§ **What you should do**
A word-for-word copy of the data, with no images, is the required answer.

§ **Recorded information**
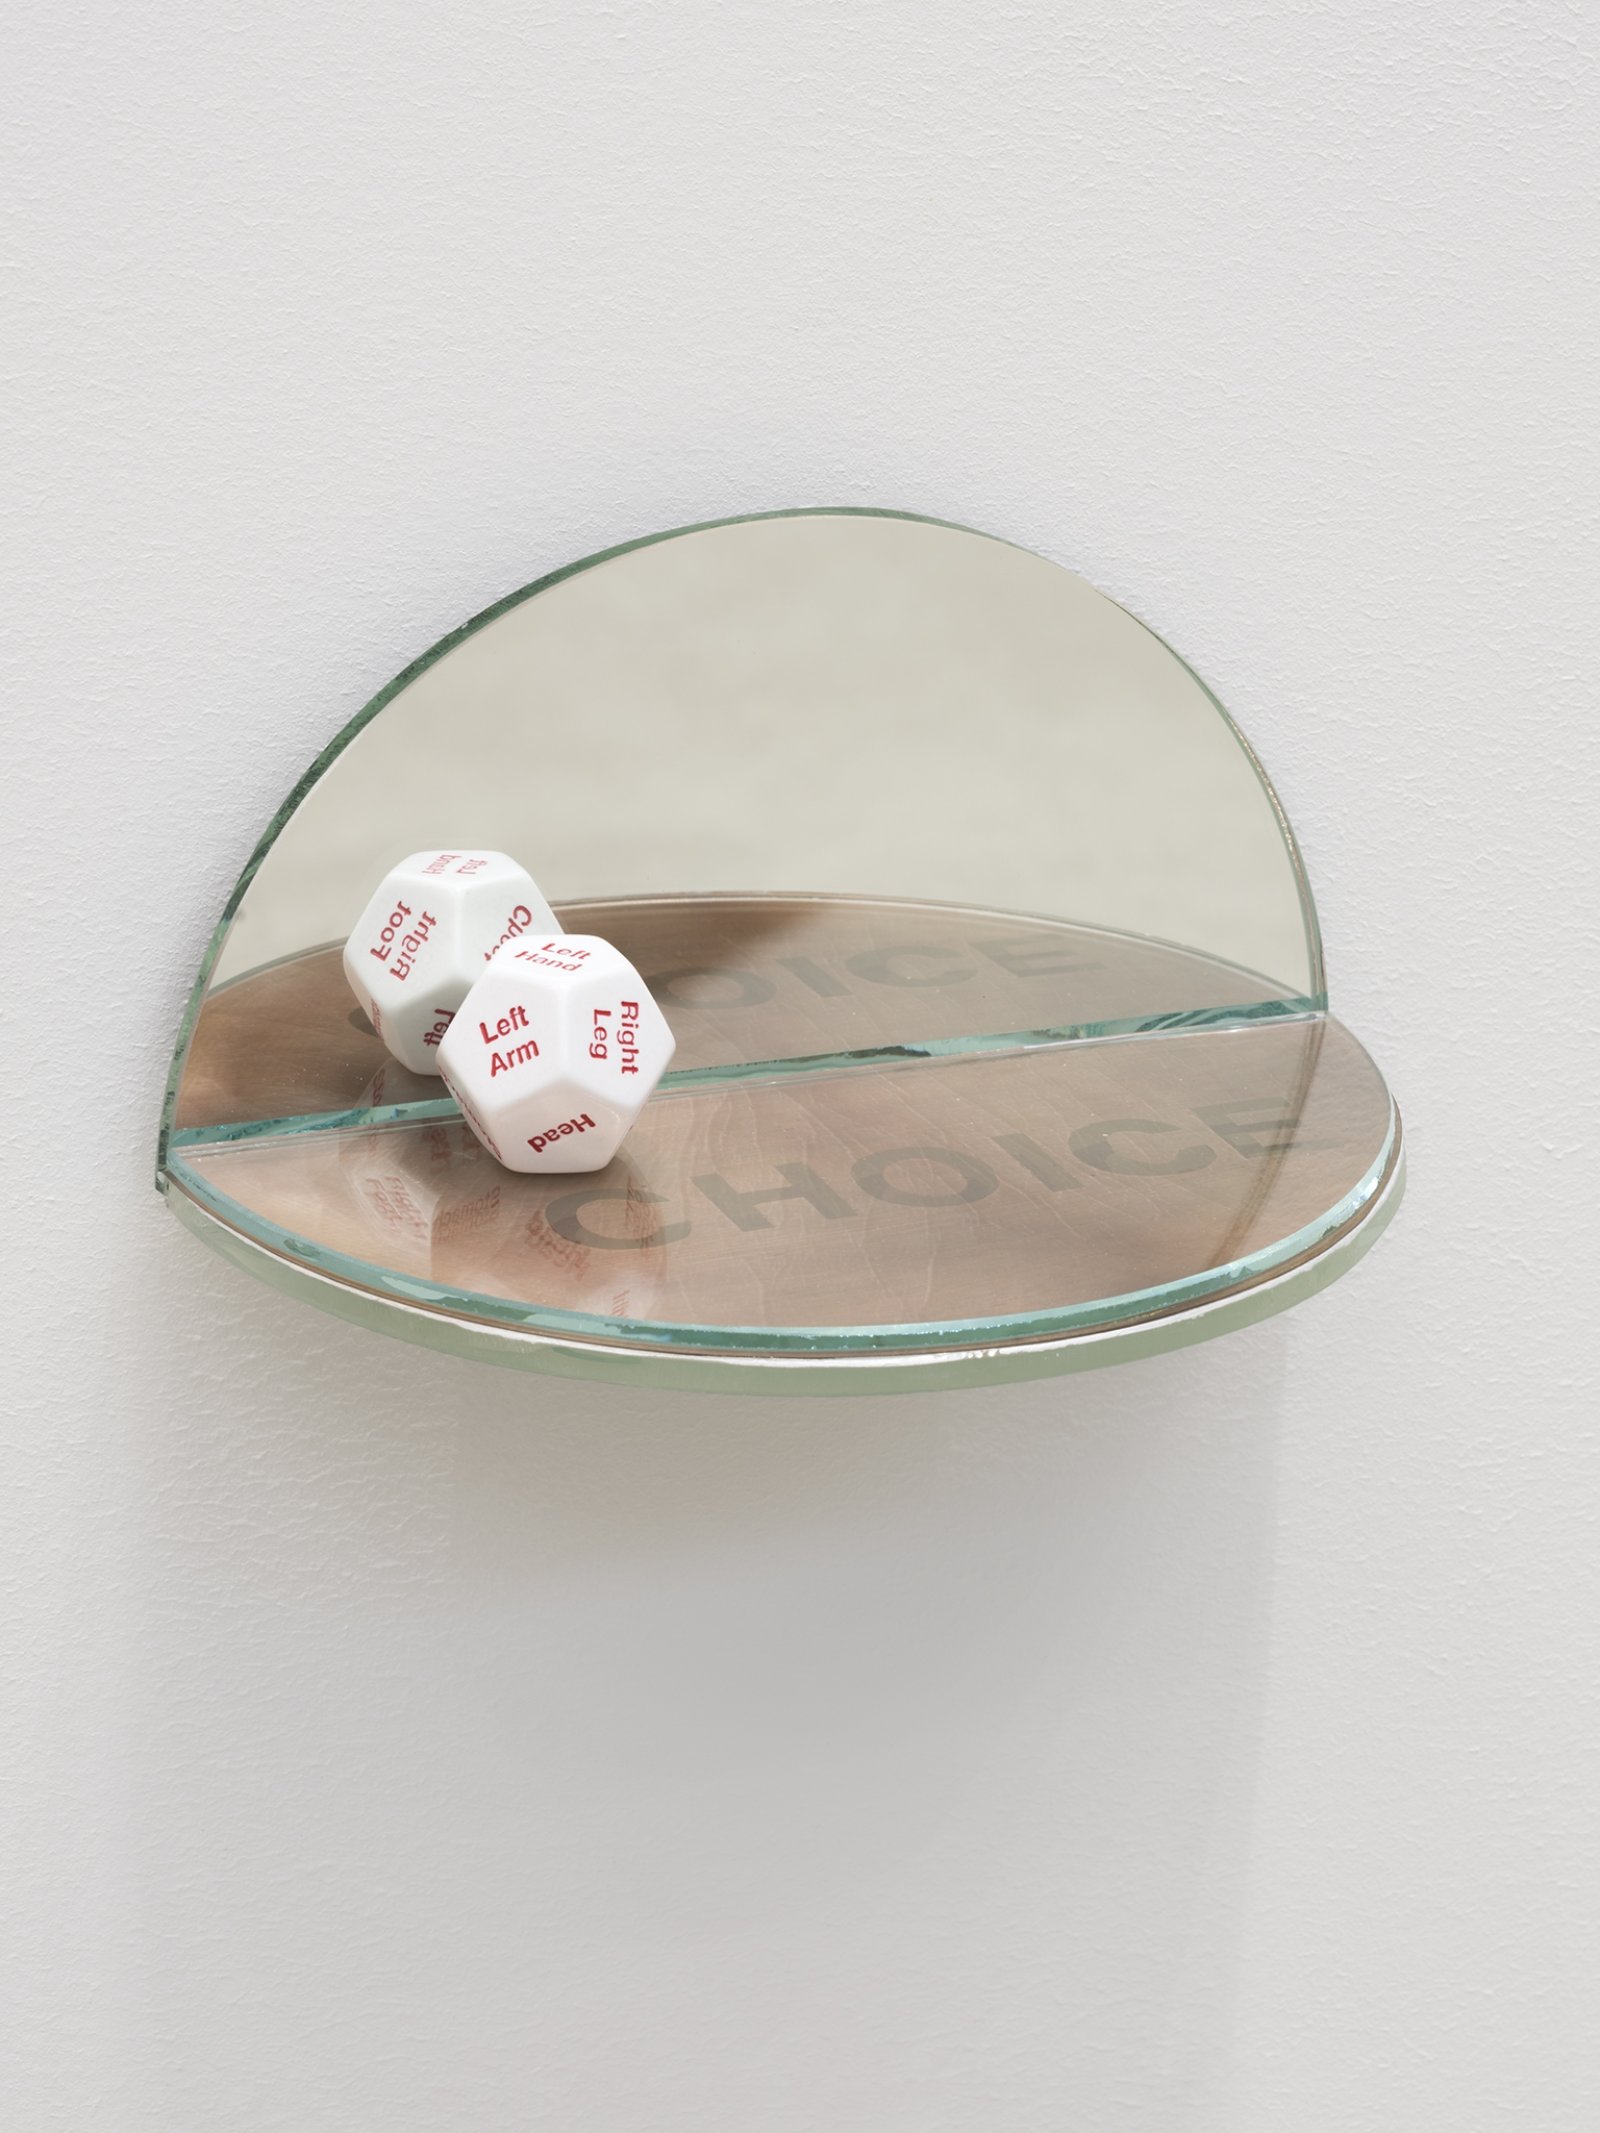 Kasper Feyrer, The Ambidextrous Universe: touching, 2018, mirror, liquid mirror, glass, fujiclear transparency, 12-sided die, 4 x 4 x 7 in. (9 x 9 x 18 cm)
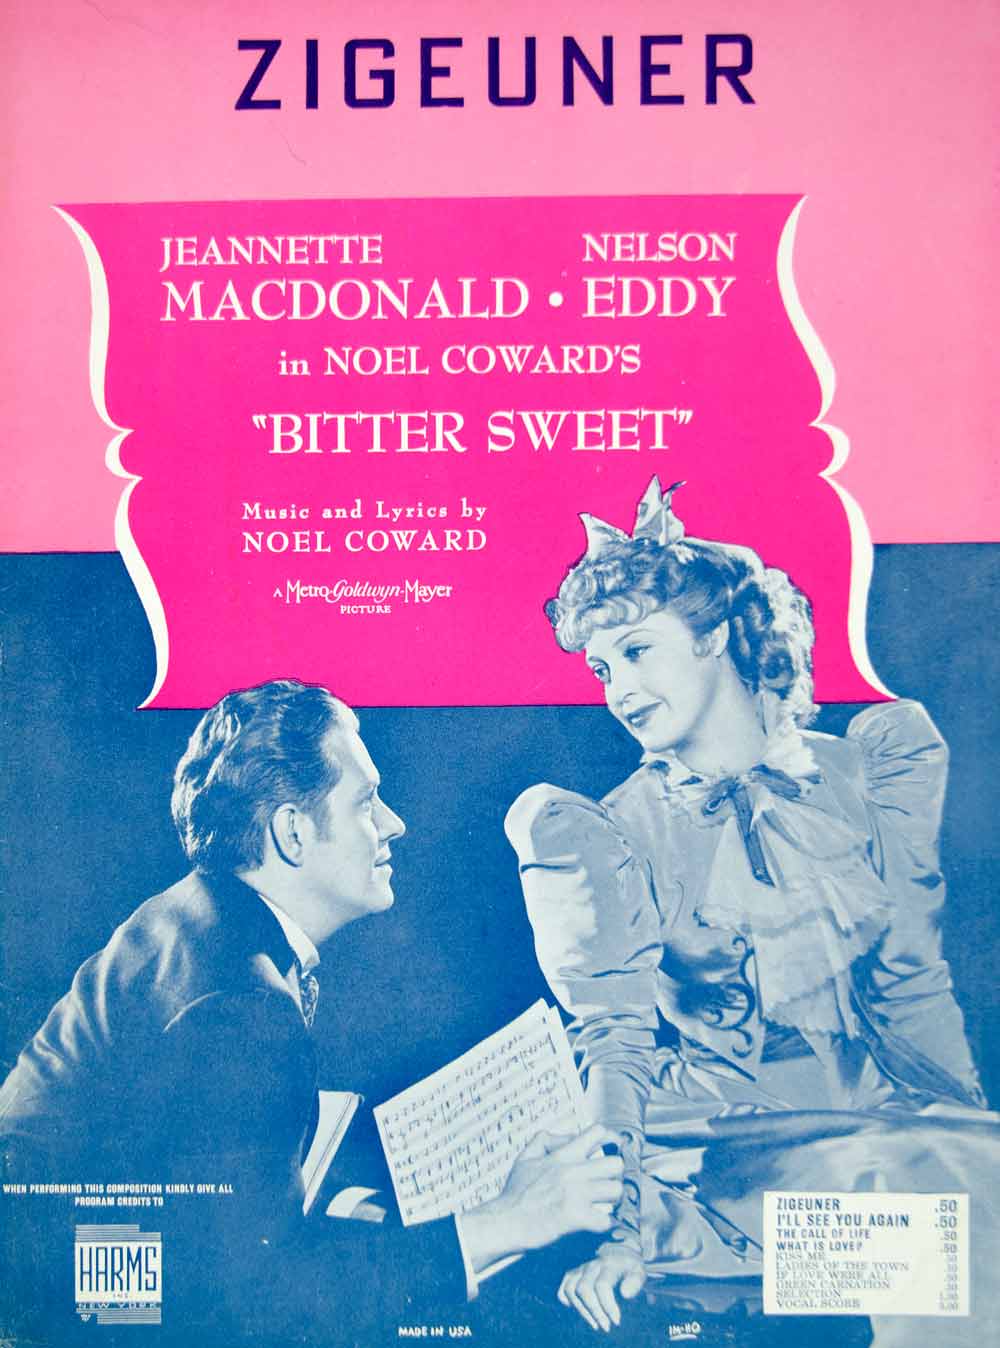 1929 Sheet Music Zigeuner Noel Coward Bitter Sweet 1940 Movie Nelson Eddy ZSM8
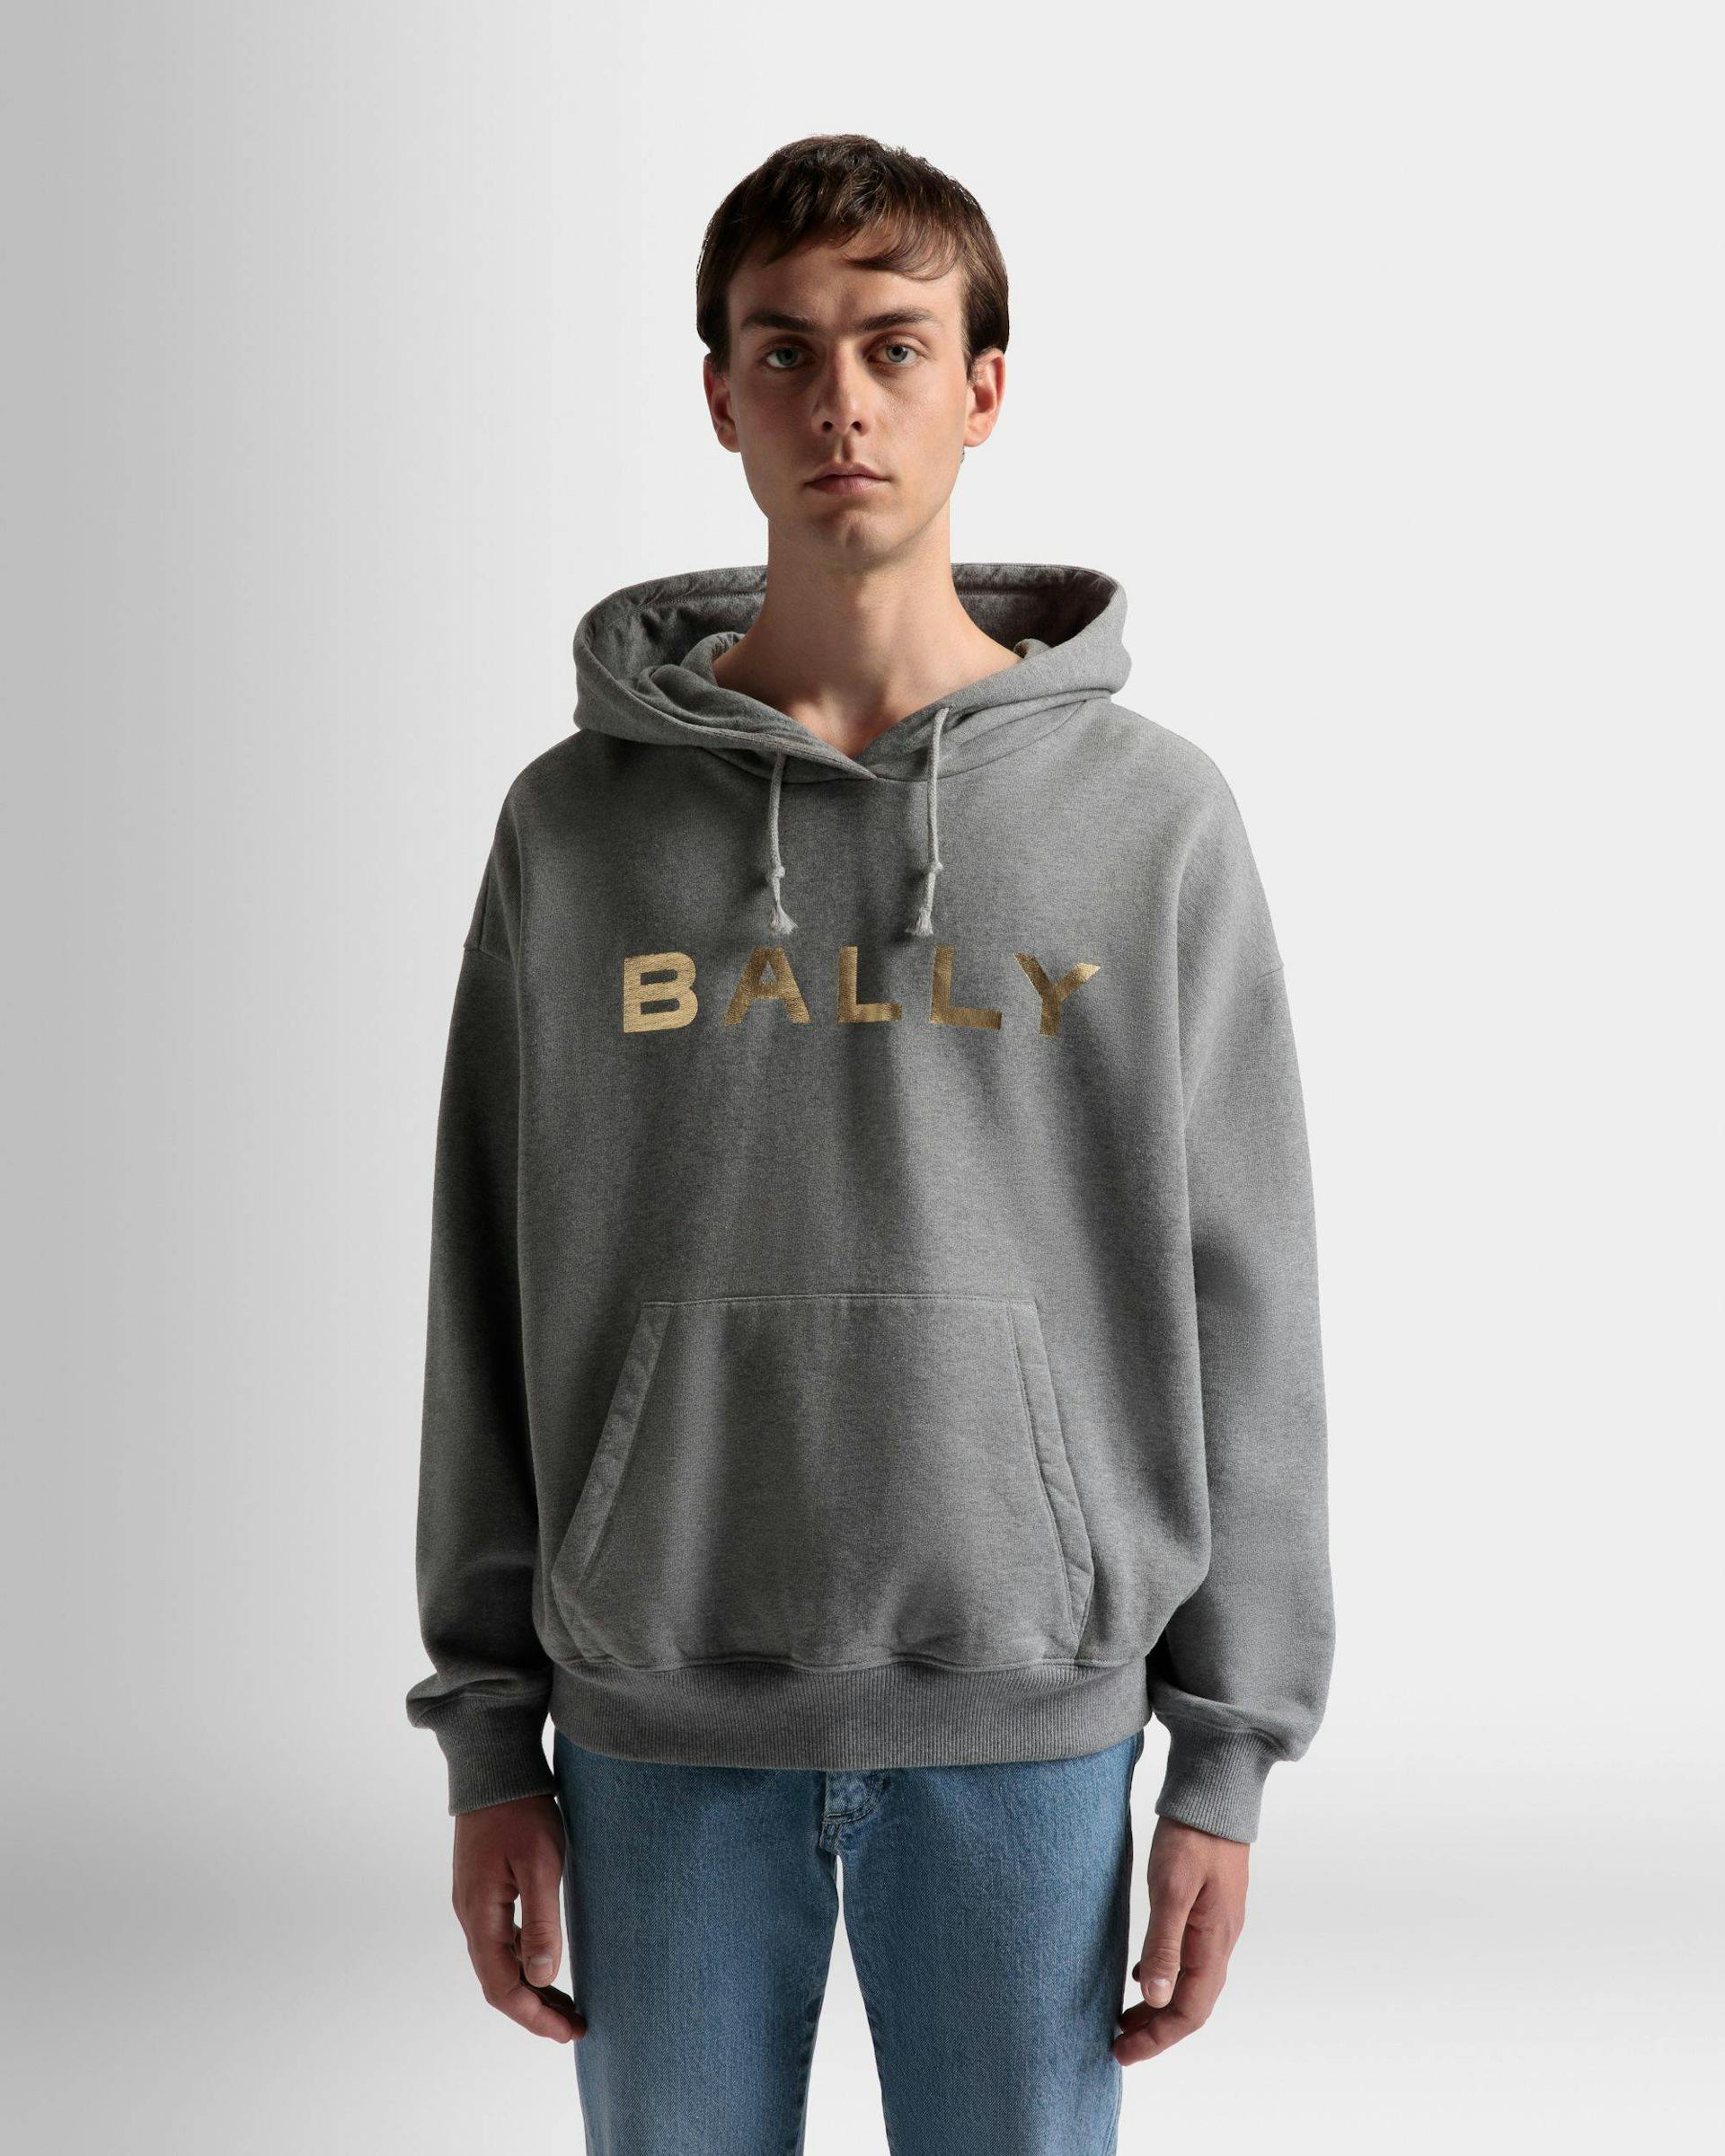 Men's Logo Hooded Sweatshirt In Grey Melange Cotton | Bally | On Model Close Up

§ **Solution for this task**
 Kasper Feyrer, The Ambidextrous Universe: touching, 2018, mirror, liquid mirror, glass, fujiclear transparency, 12-sided die, 4 x 4 x 7 in. (9 x 9 x 18 cm)
 1929 Sheet Music Zigeuner Noel Coward Bitter Sweet 1940 Movie Nelson Eddy ZSM8
 Men's Logo Hooded Sweatshirt In Grey Melange Cotton | Bally | On Model Close Up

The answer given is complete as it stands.